Problem description. Each line below from the "Asus ROG Swift PG32UQ Características" line through the "Dettol Healthy Clean Bathroom Spray 500mL" line, those two included, must be restated word for word; the pictures must not be.

Exercise data.
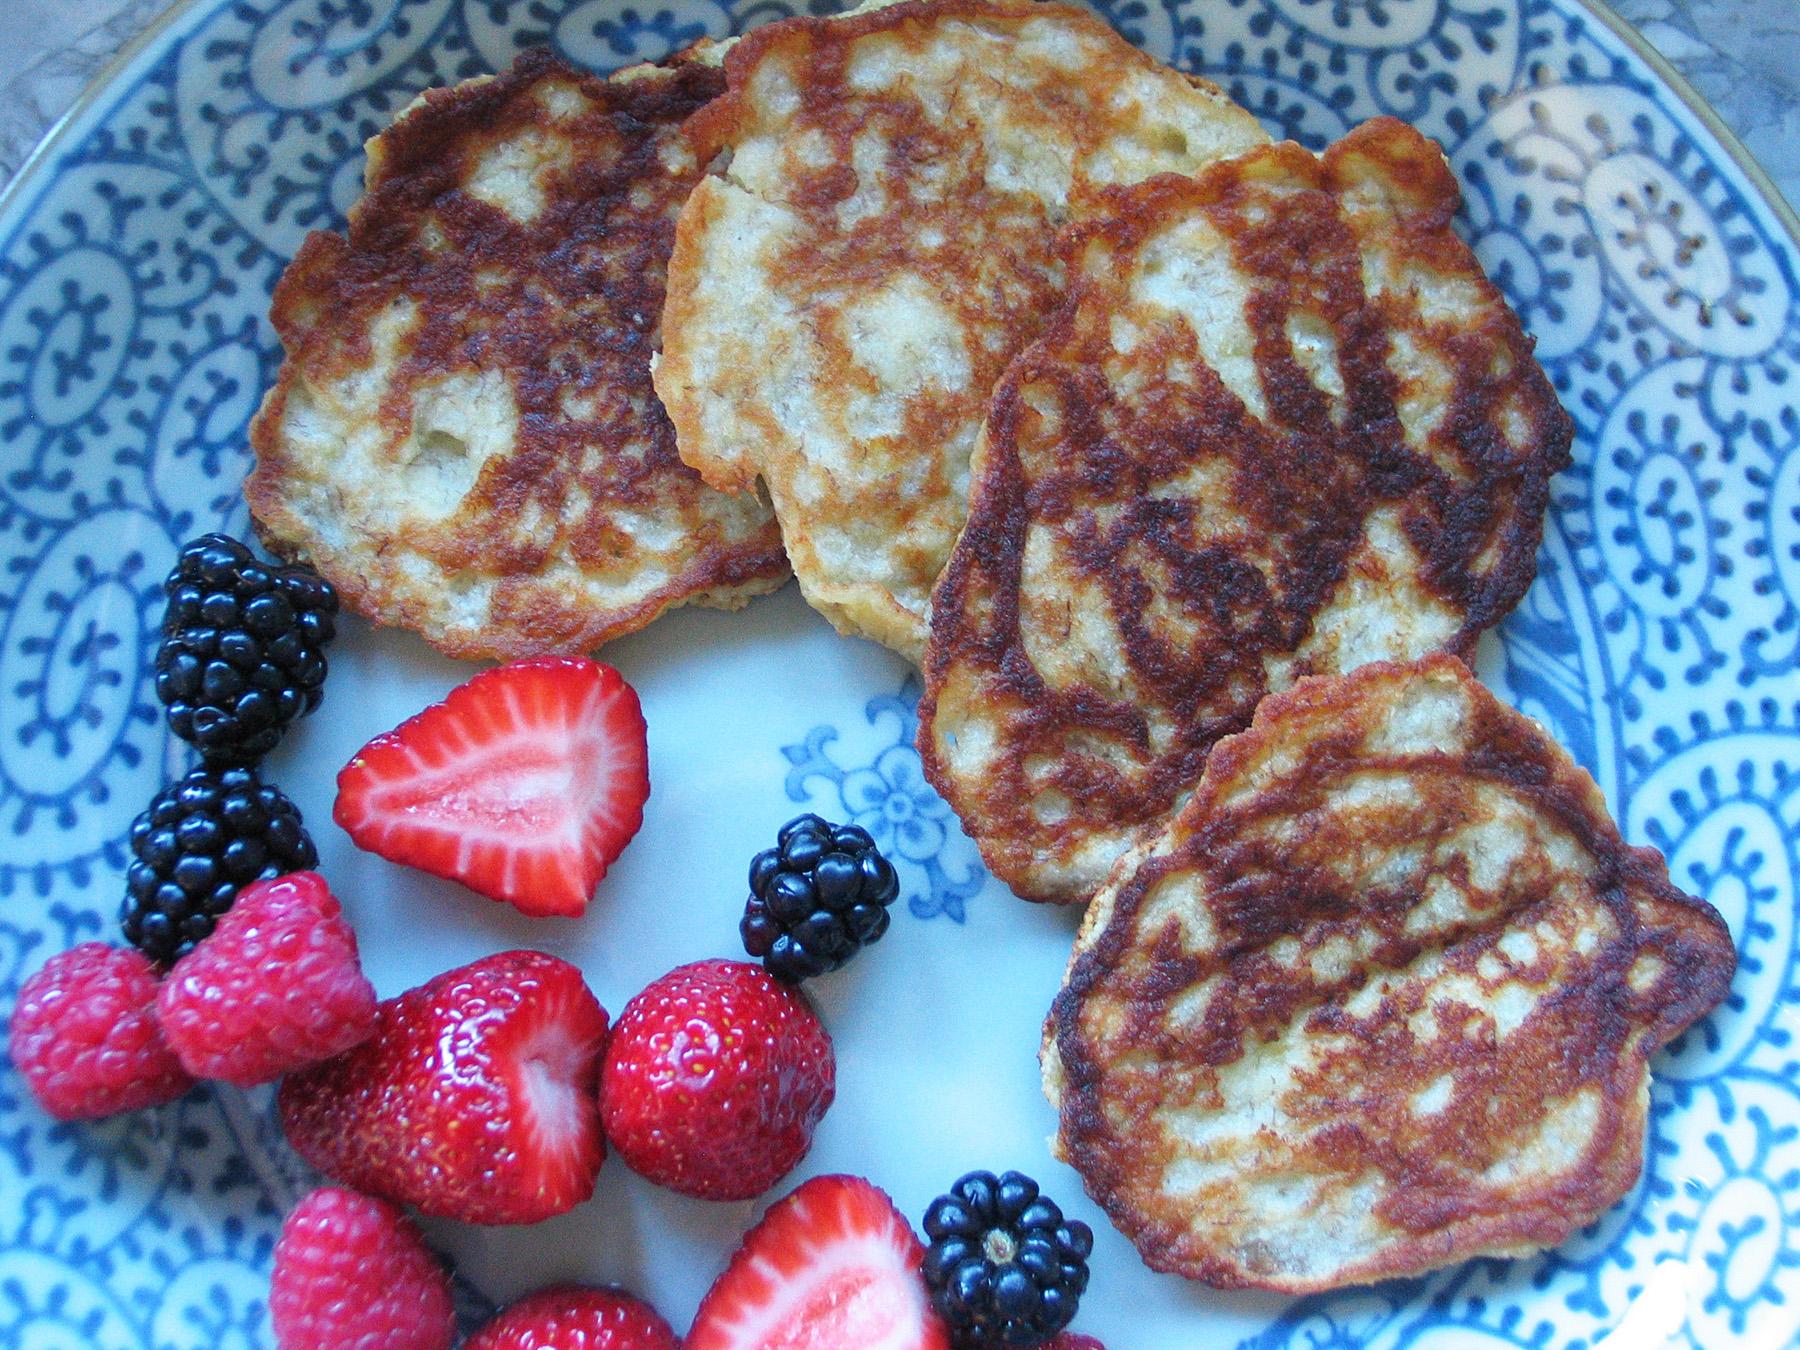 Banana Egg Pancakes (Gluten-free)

==

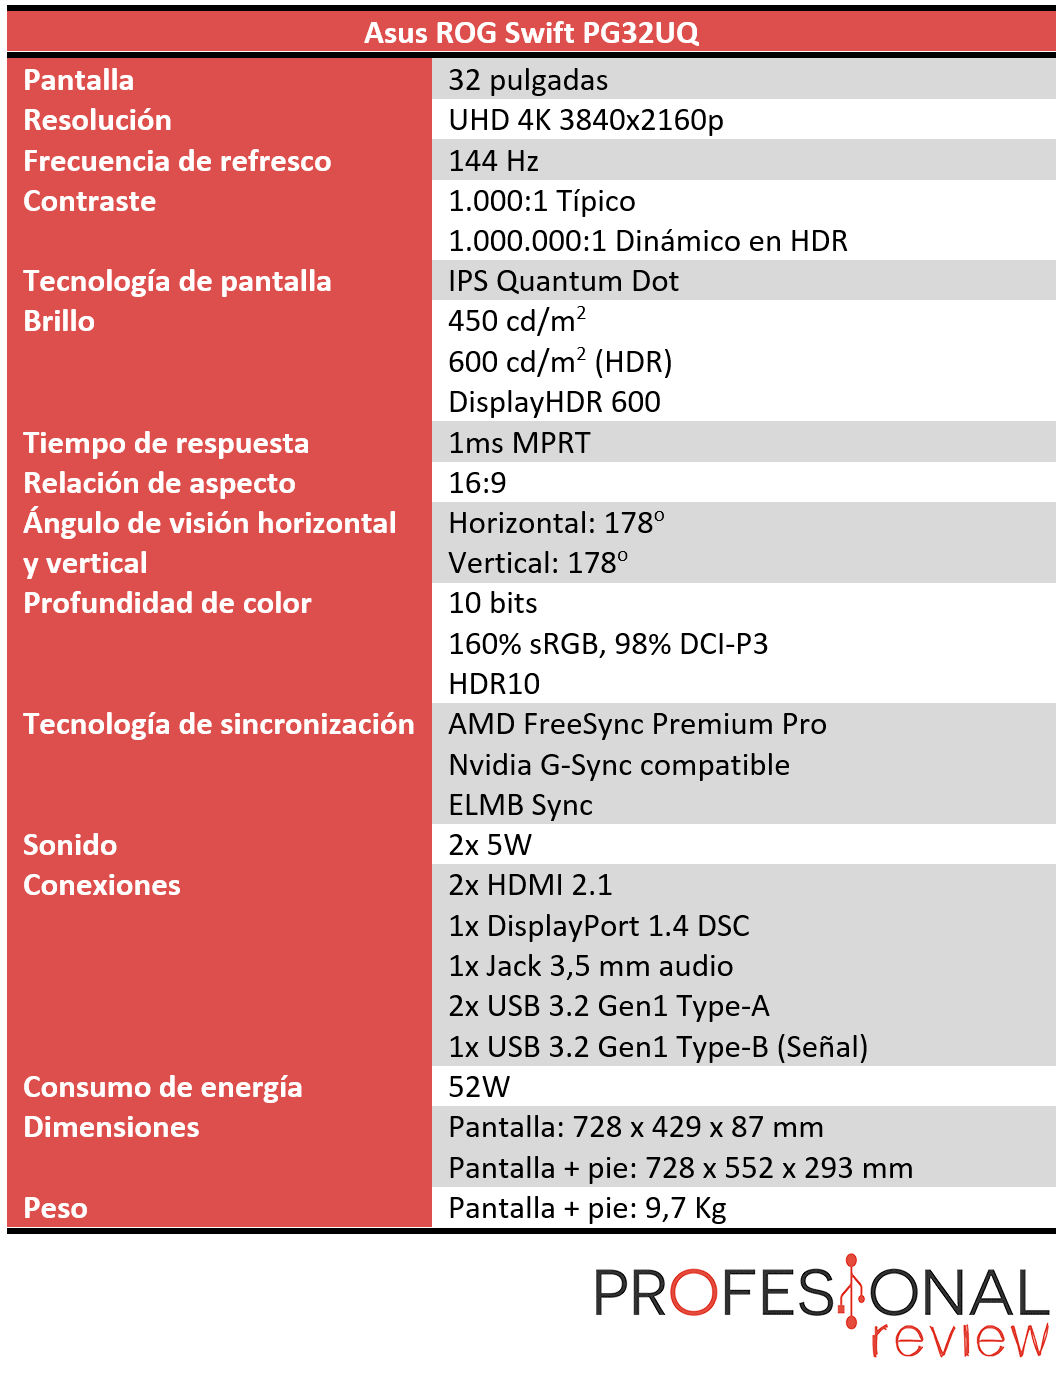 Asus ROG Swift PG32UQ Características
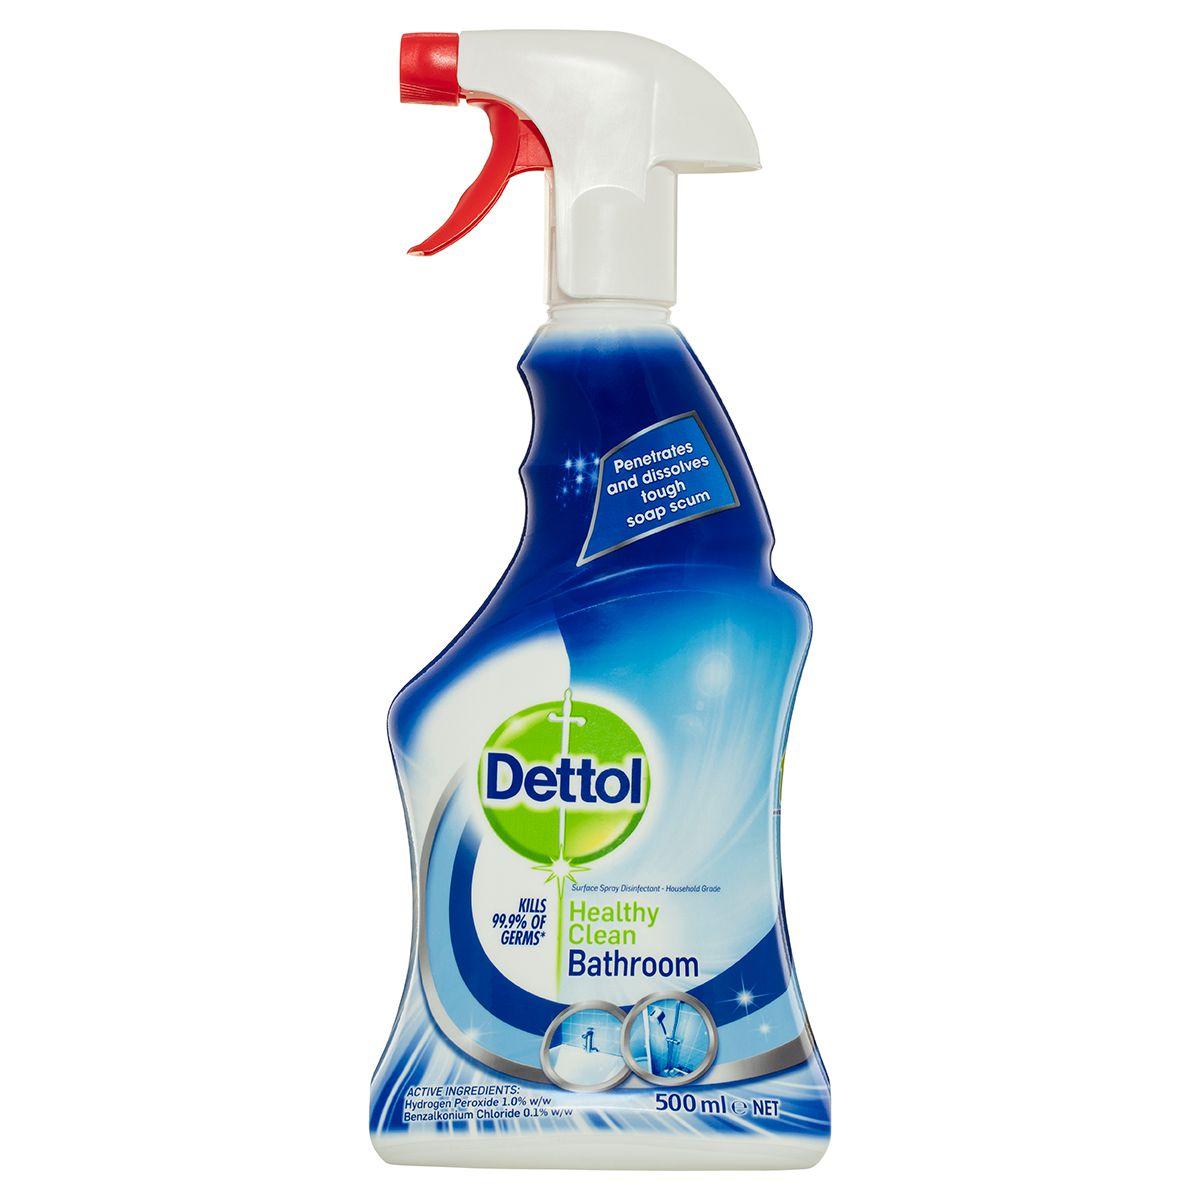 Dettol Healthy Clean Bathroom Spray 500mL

--

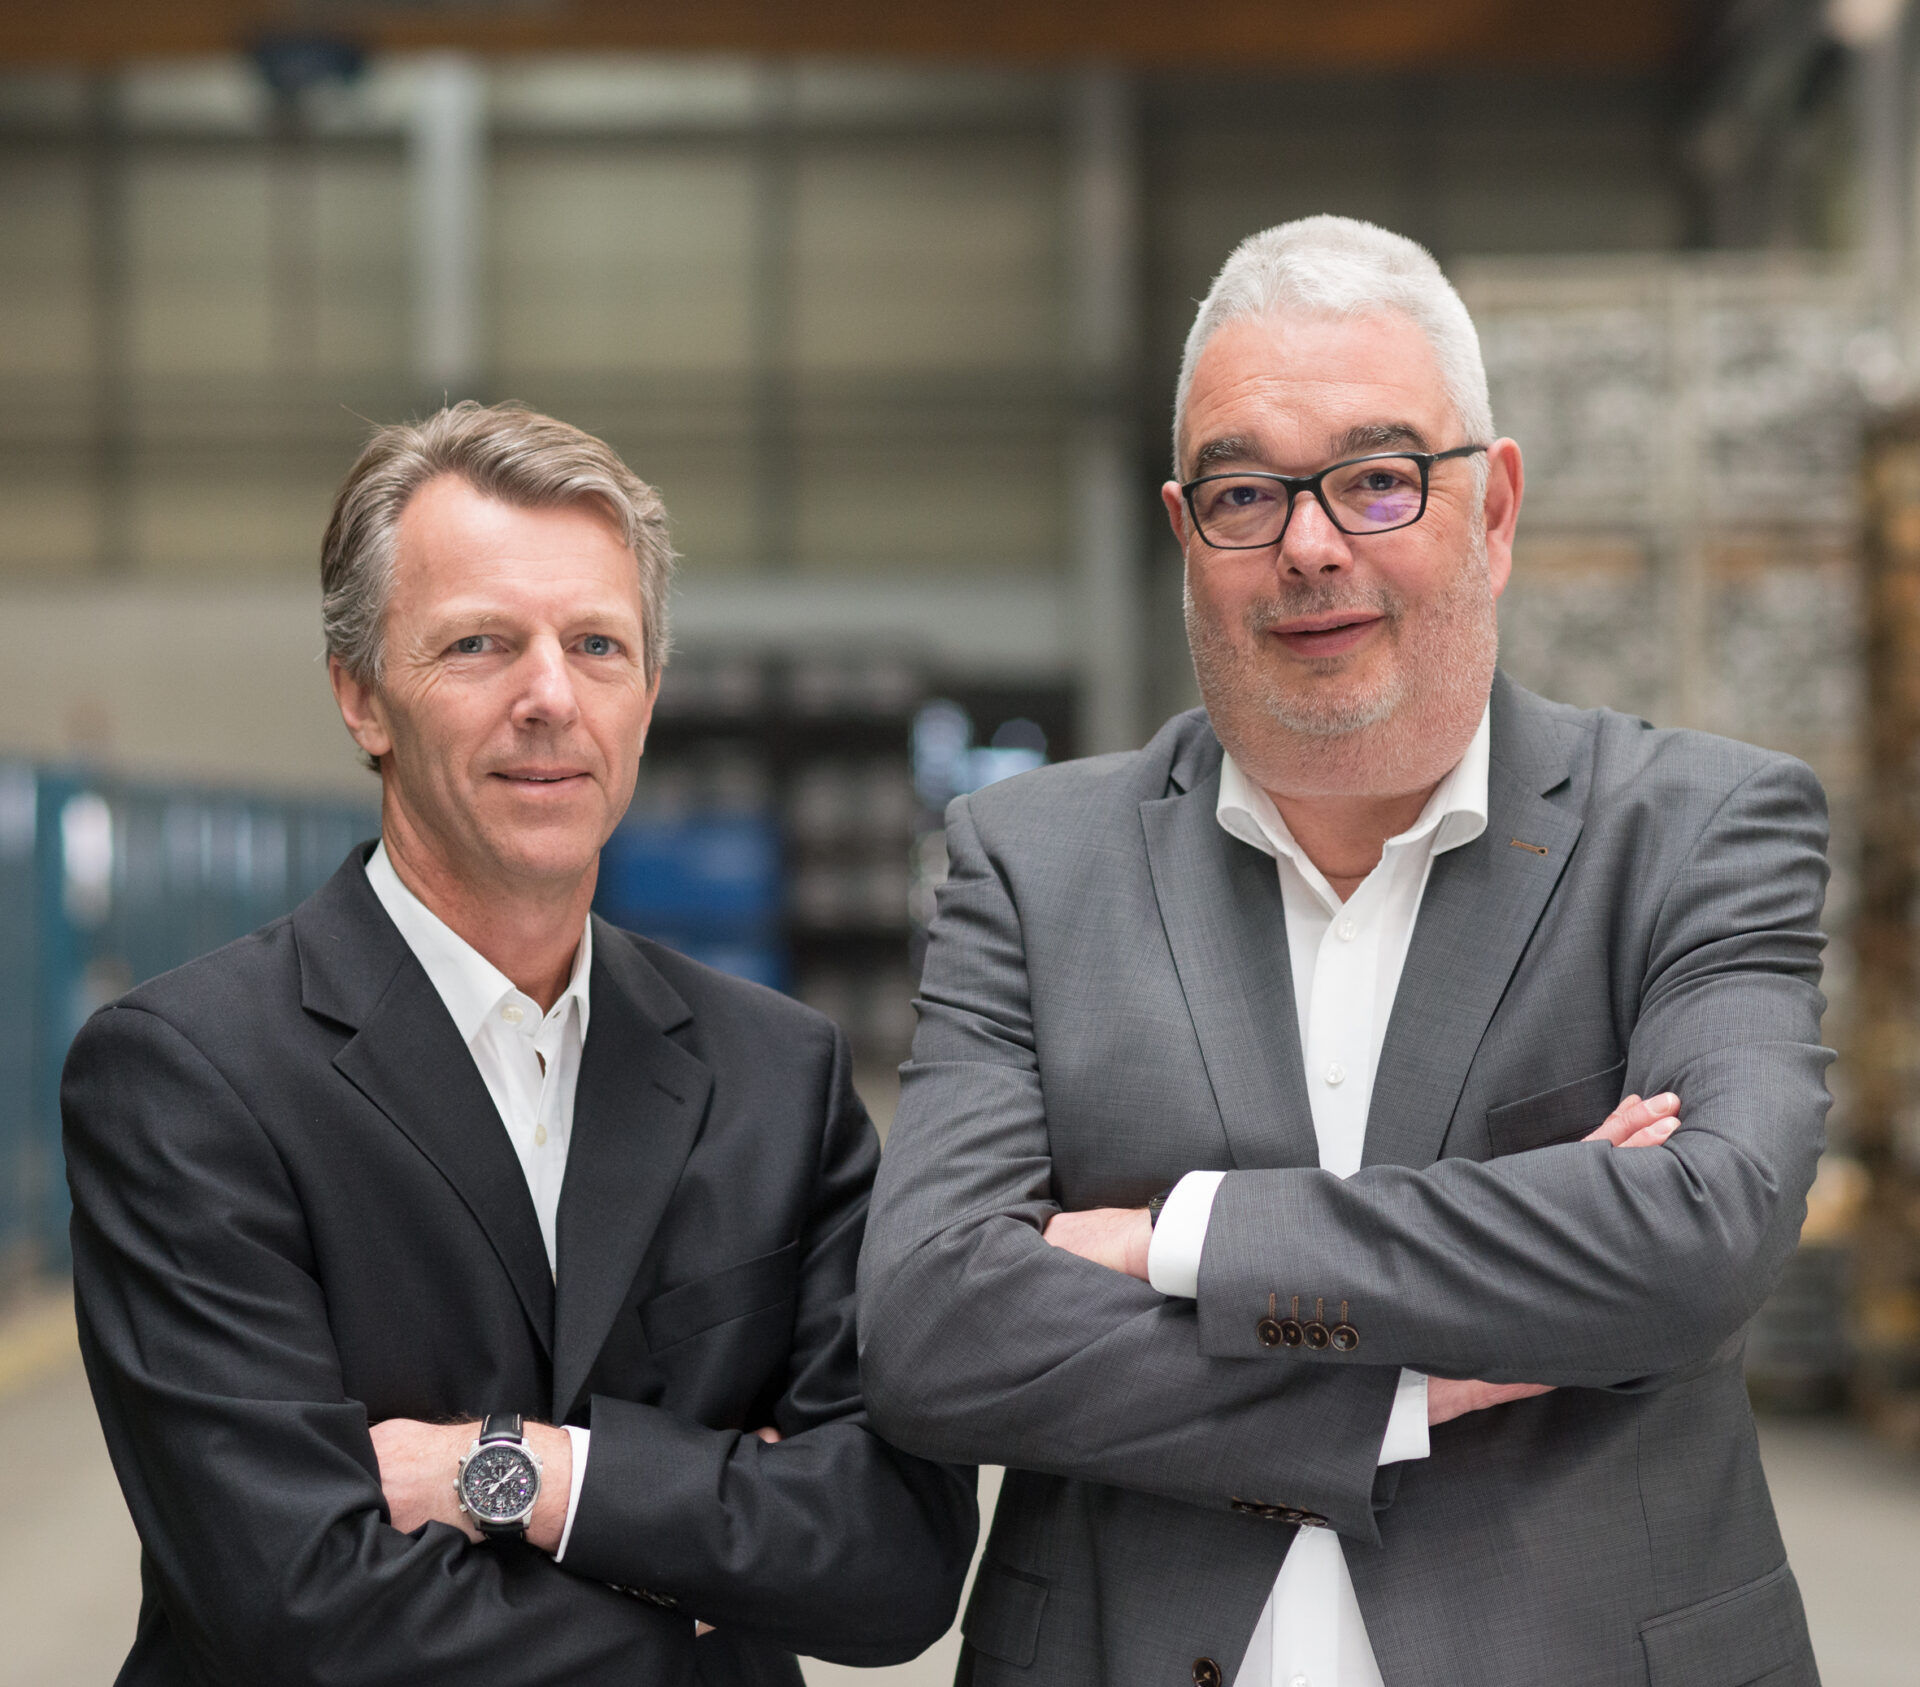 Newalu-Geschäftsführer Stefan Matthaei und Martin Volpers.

Exercise output.
 Asus ROG Swift PG32UQ Características
 Dettol Healthy Clean Bathroom Spray 500mL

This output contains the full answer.